Huisheng Peng and colleagues at Fudan University in Shanghai, China, looked at this problem and thought of an obvious solution: just turn the clothing’s textiles into electronic displays.
To this aim, the researchers produced a prototype of a display fabric measuring 6 meters in length and 25 centimeters in width. The display fabric can be integrated with another layer of touch-sensitive fabric for the user interface, as well as a fabric power supply. In this case, the power is harvested from solar energy.
But first, Peng’s team had to overcome a number of technical challenges. To produce illumination, the researchers weaved conductive weft and luminescent warp fibers while being careful to have a stable interface between these two fiber electrodes with an additional transparent and elastic composite fiber.
Another problem is that the thin active layer needs to be coated uniformly, a challenge that was surmounted with the help of scraping micro-pinholes. “We had thus achieved a continuous and large-scale production of such display textiles,” Peng said.
“Integrating displays into textiles offers exciting opportunities for smart electronic textiles – the ultimate form of wearables poised to change the way we interact with electronic devices, but thin-film displays could not meet the application requirements,” Peng told ZME Science.
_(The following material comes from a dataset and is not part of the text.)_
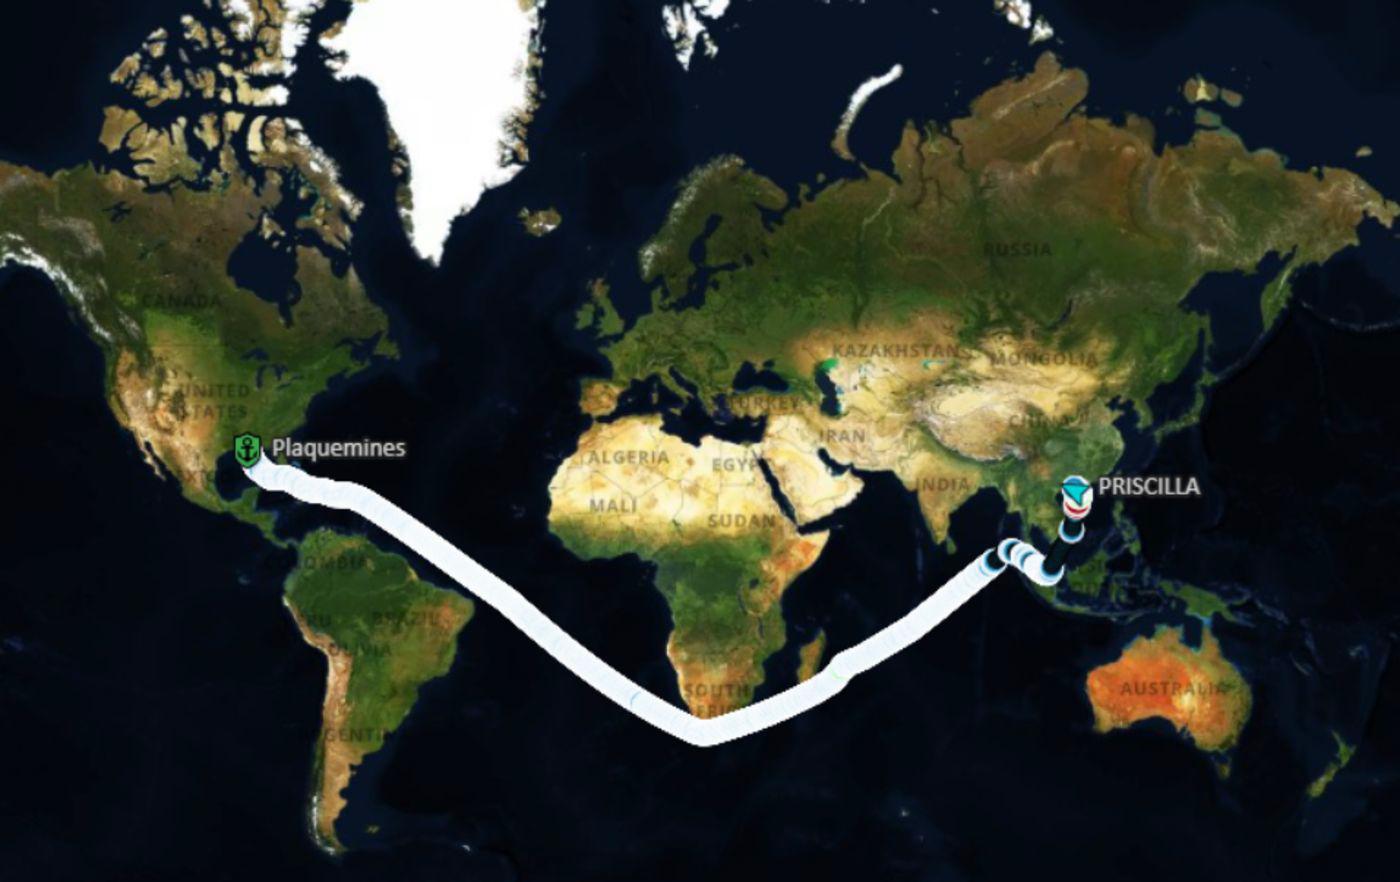 Trung Quốc ồ ạt nhập khẩu ngô khiến cảng biển tắc cứng - Ảnh 1.

“Display textiles thus become necessary to serve to bridge human-machine interactions, offering, for instance, a real-time communication tool for individuals with voice or speech disorders,” the researcher added.
During tests, the researchers demonstrated various applications, such as turning the fabric into a navigation tool that displays an interactive map or as a smartwatch-like tool that sends or displays messages via a Bluetooth connection with a smartphone.
After 1,000 cycles of bending, stretching, and pressing, the electroluminescent units remained stable suggesting that the display fabric could perform well in a real-life use case when constant deformation is expected.
This is why Peng is confident that these fabrics can come to market soon. He already has opened collaborations with some companies involved in the auto, wearable electronics, and smart clothing industries. “I think the display textiles can be widely used for real applications in this year,” the researcher told me in an email.
Next, the researchers plan to scale up the resolution of their display textile and the intensity of the illumination, while keeping costs low.
“As a new technology in displaying, they may change the way we live in many directions,” Peng concluded.